## TASK TO COMPLETE
Beginning with the first line, return the material verbatim and without pictures.

══ DATASET SECTION

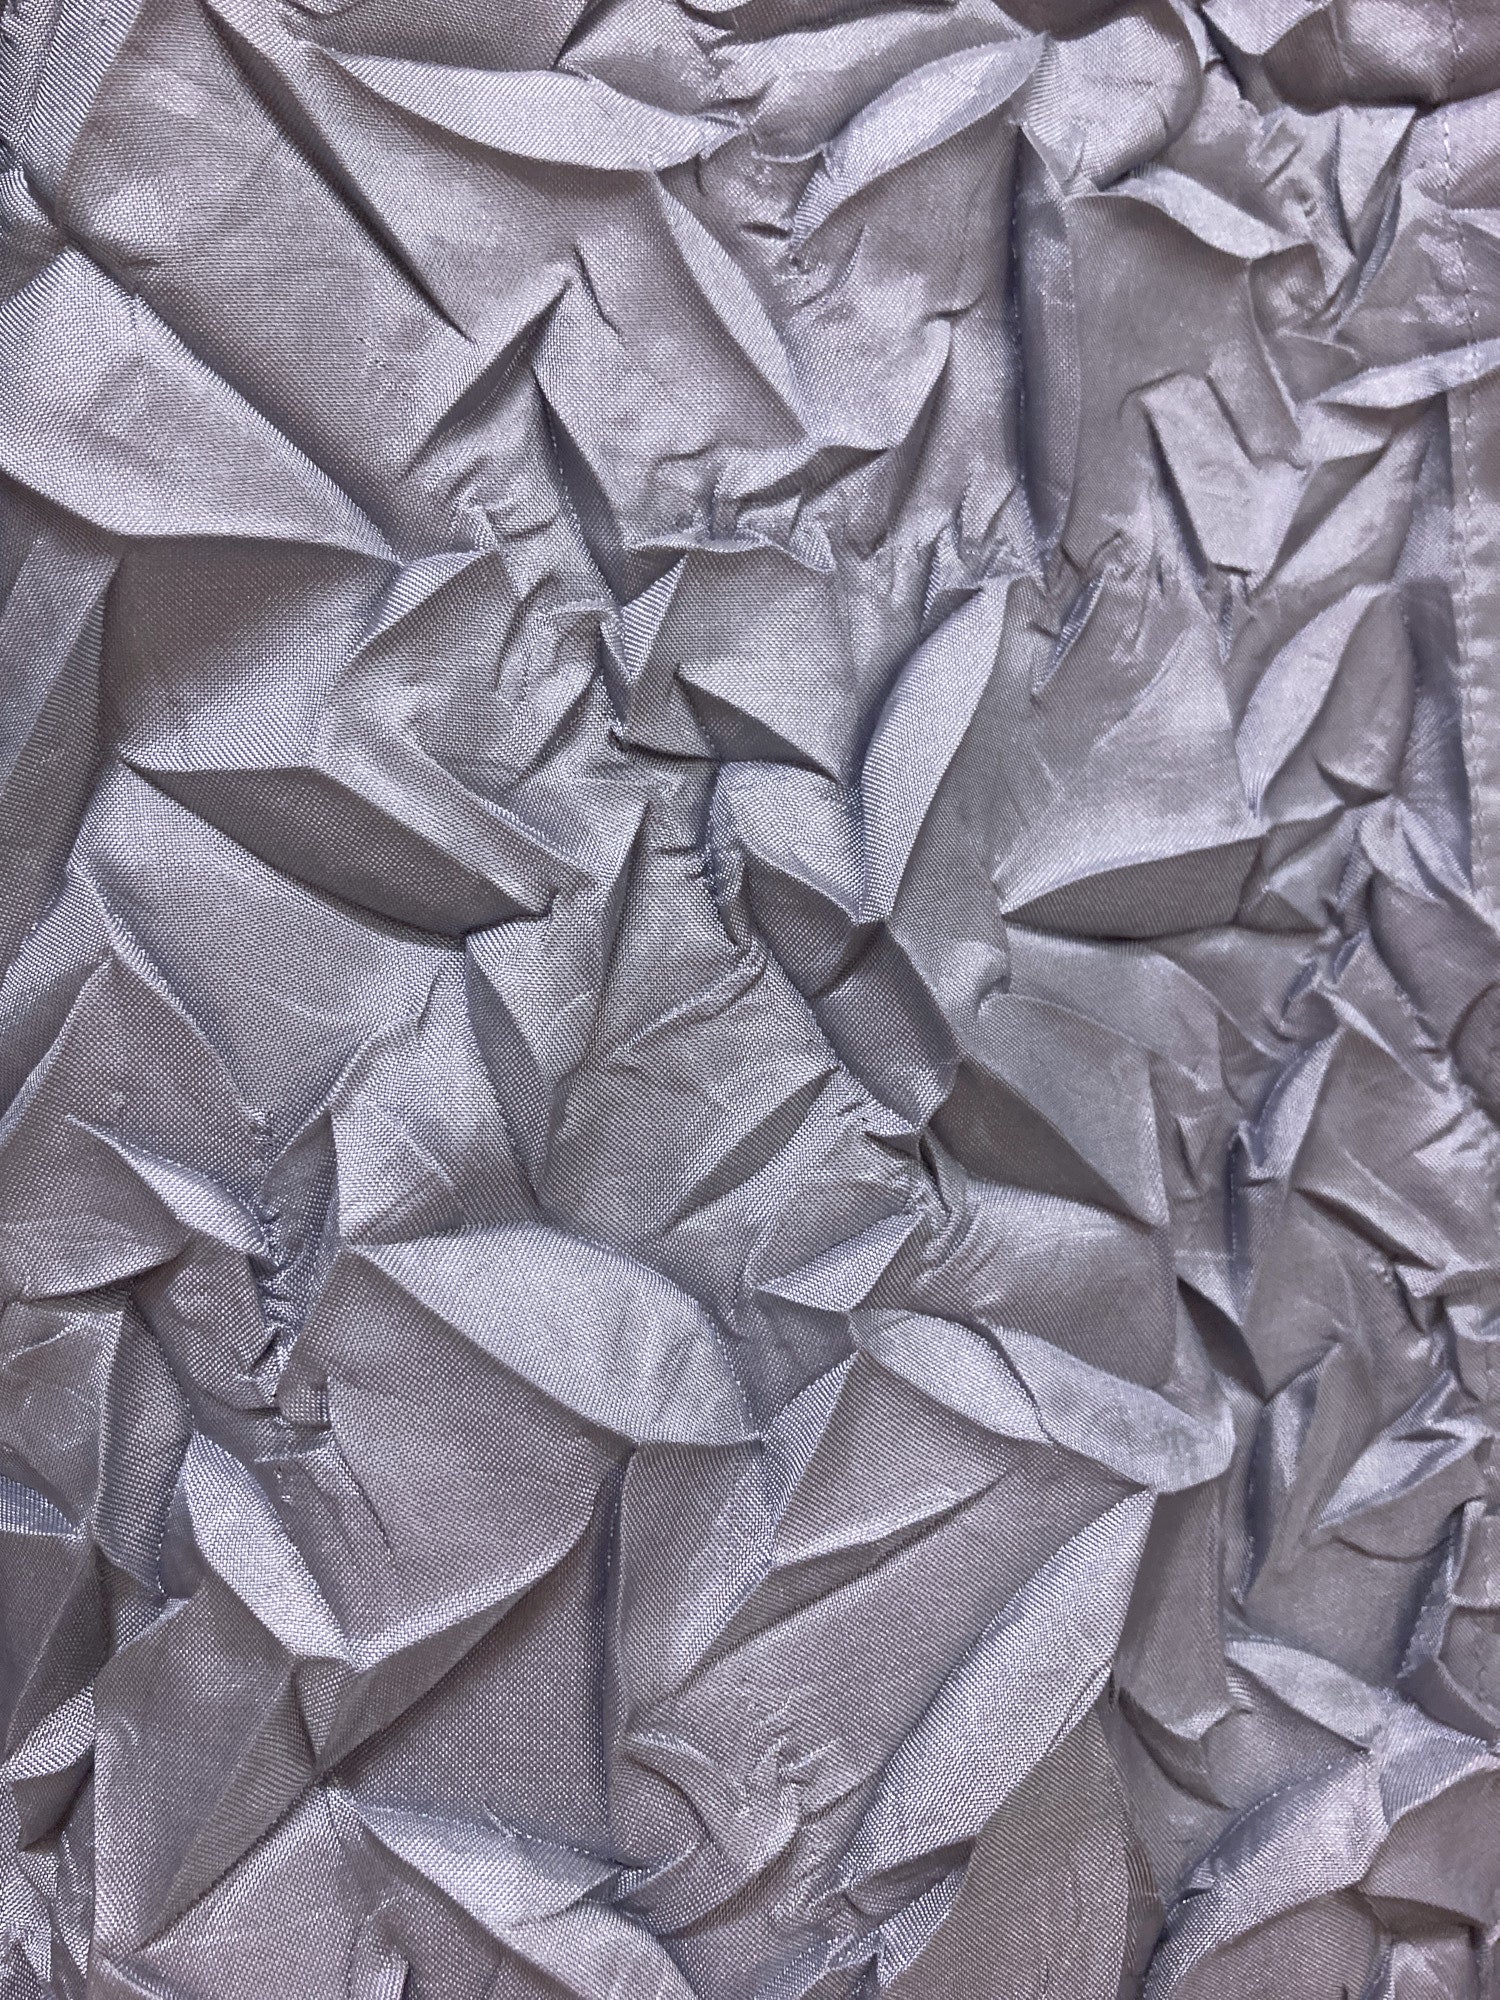 Yoshiki Hishinuma Peplum silver grey creased polyester shirt - size 2 M
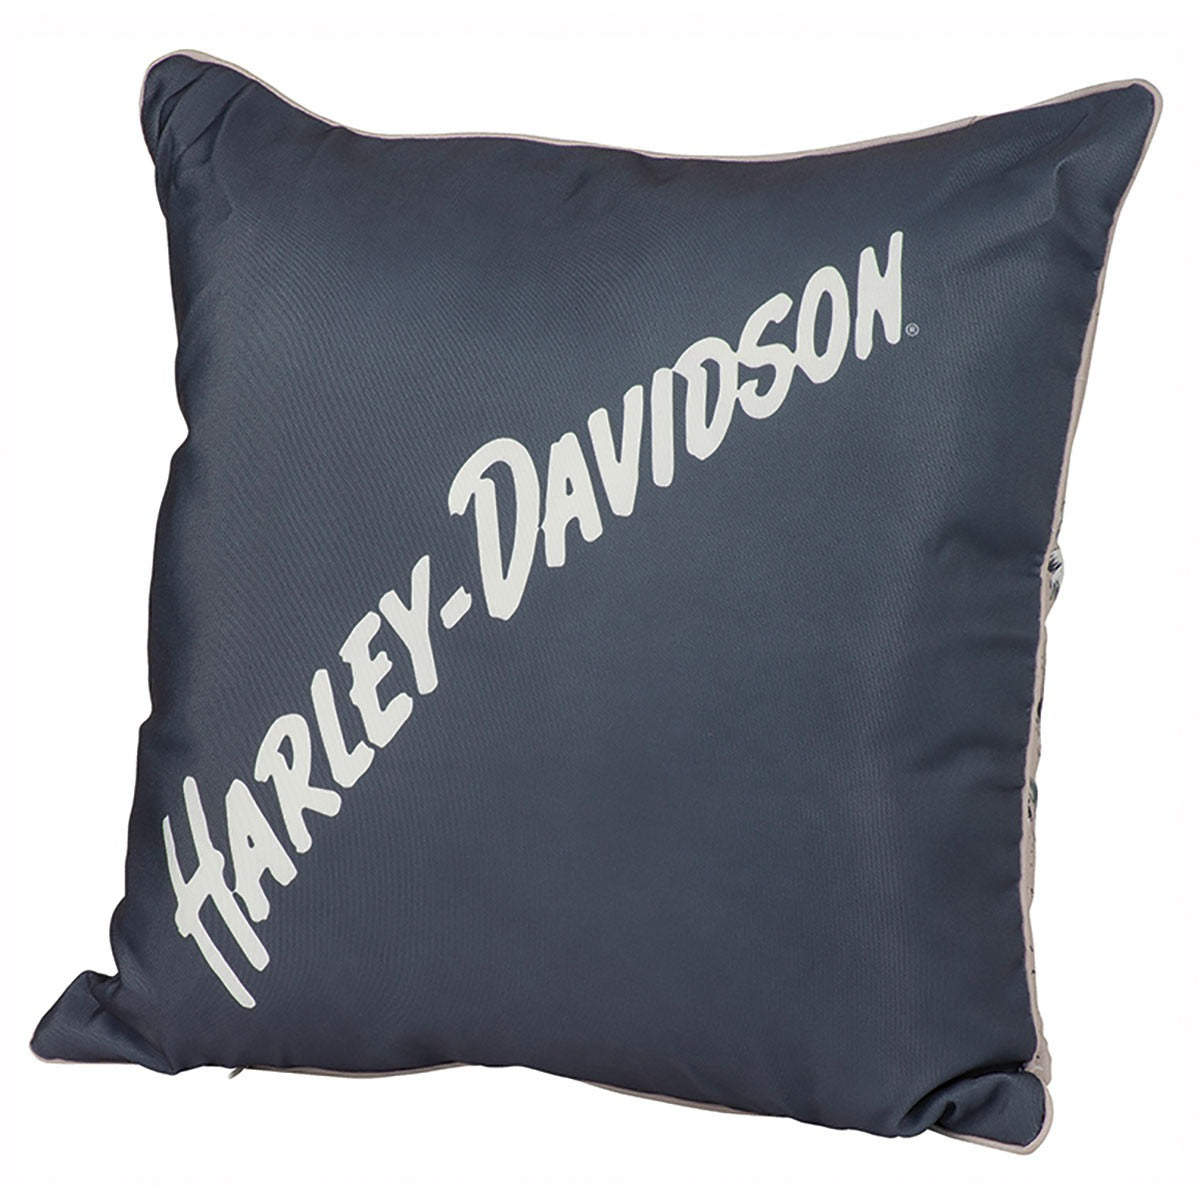 Harley-Davidson Celebration Outdoor Pillow
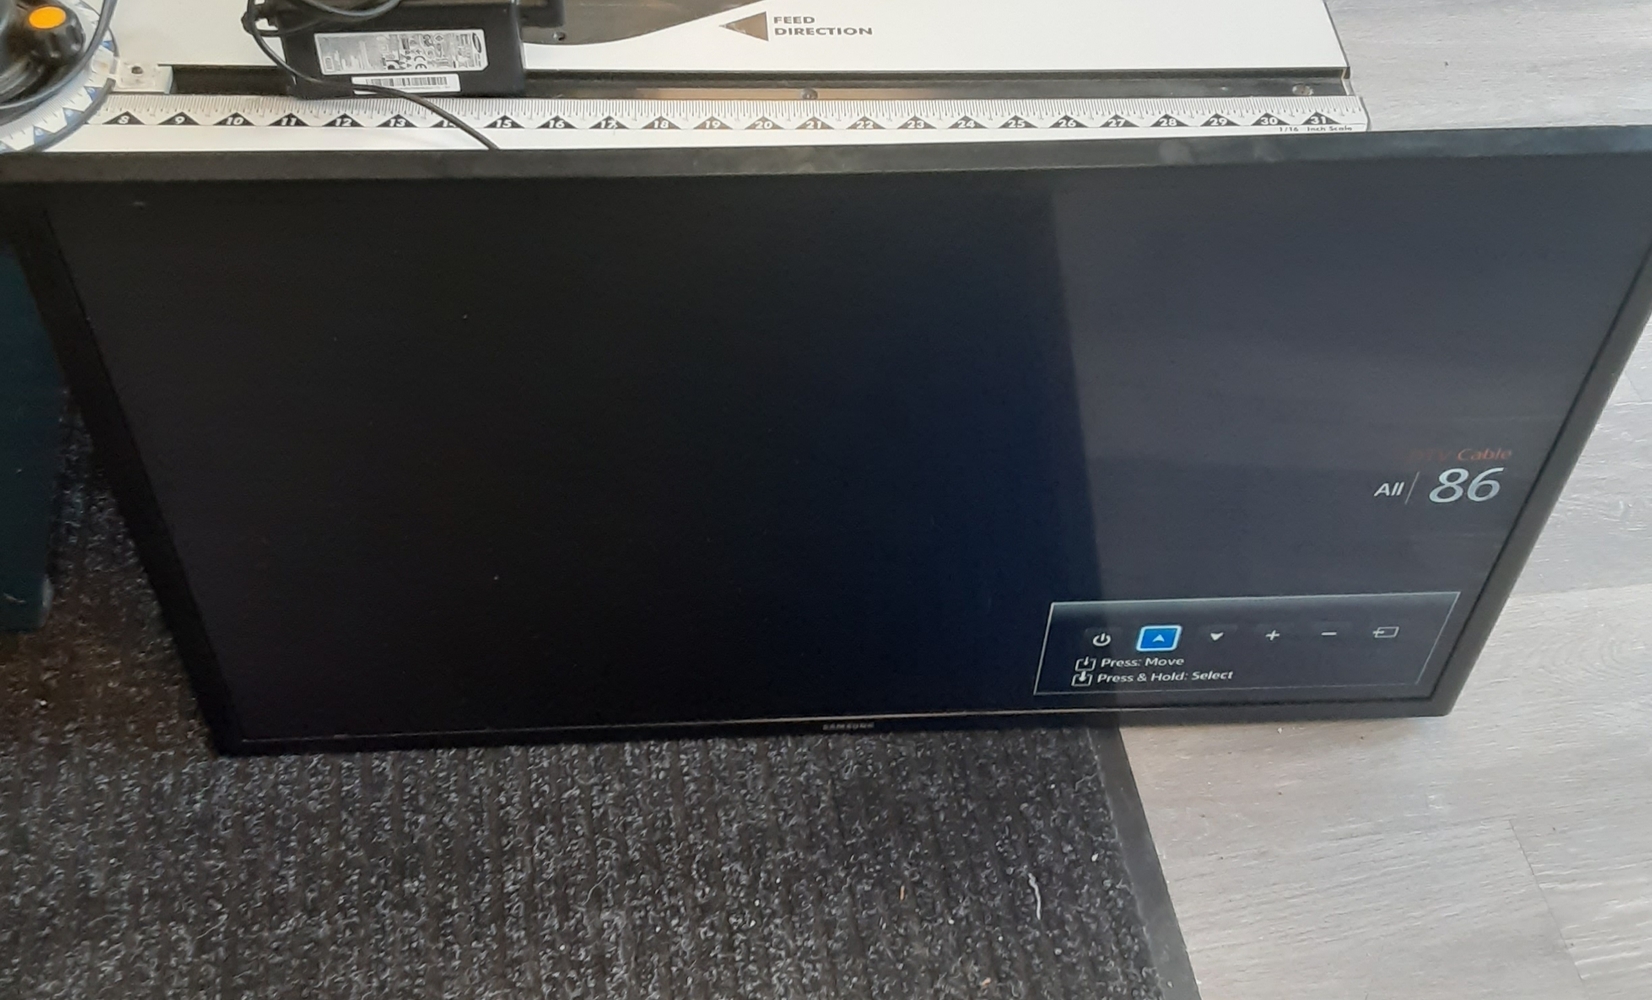 Samsung 32 inch Smart TV un32j5205af- PRE-OWNED NO STAND OR REMOTE

════

## SOLUTION TO THIS PROBLEM
 Yoshiki Hishinuma Peplum silver grey creased polyester shirt - size 2 M
 Harley-Davidson Celebration Outdoor Pillow
 Samsung 32 inch Smart TV un32j5205af- PRE-OWNED NO STAND OR REMOTE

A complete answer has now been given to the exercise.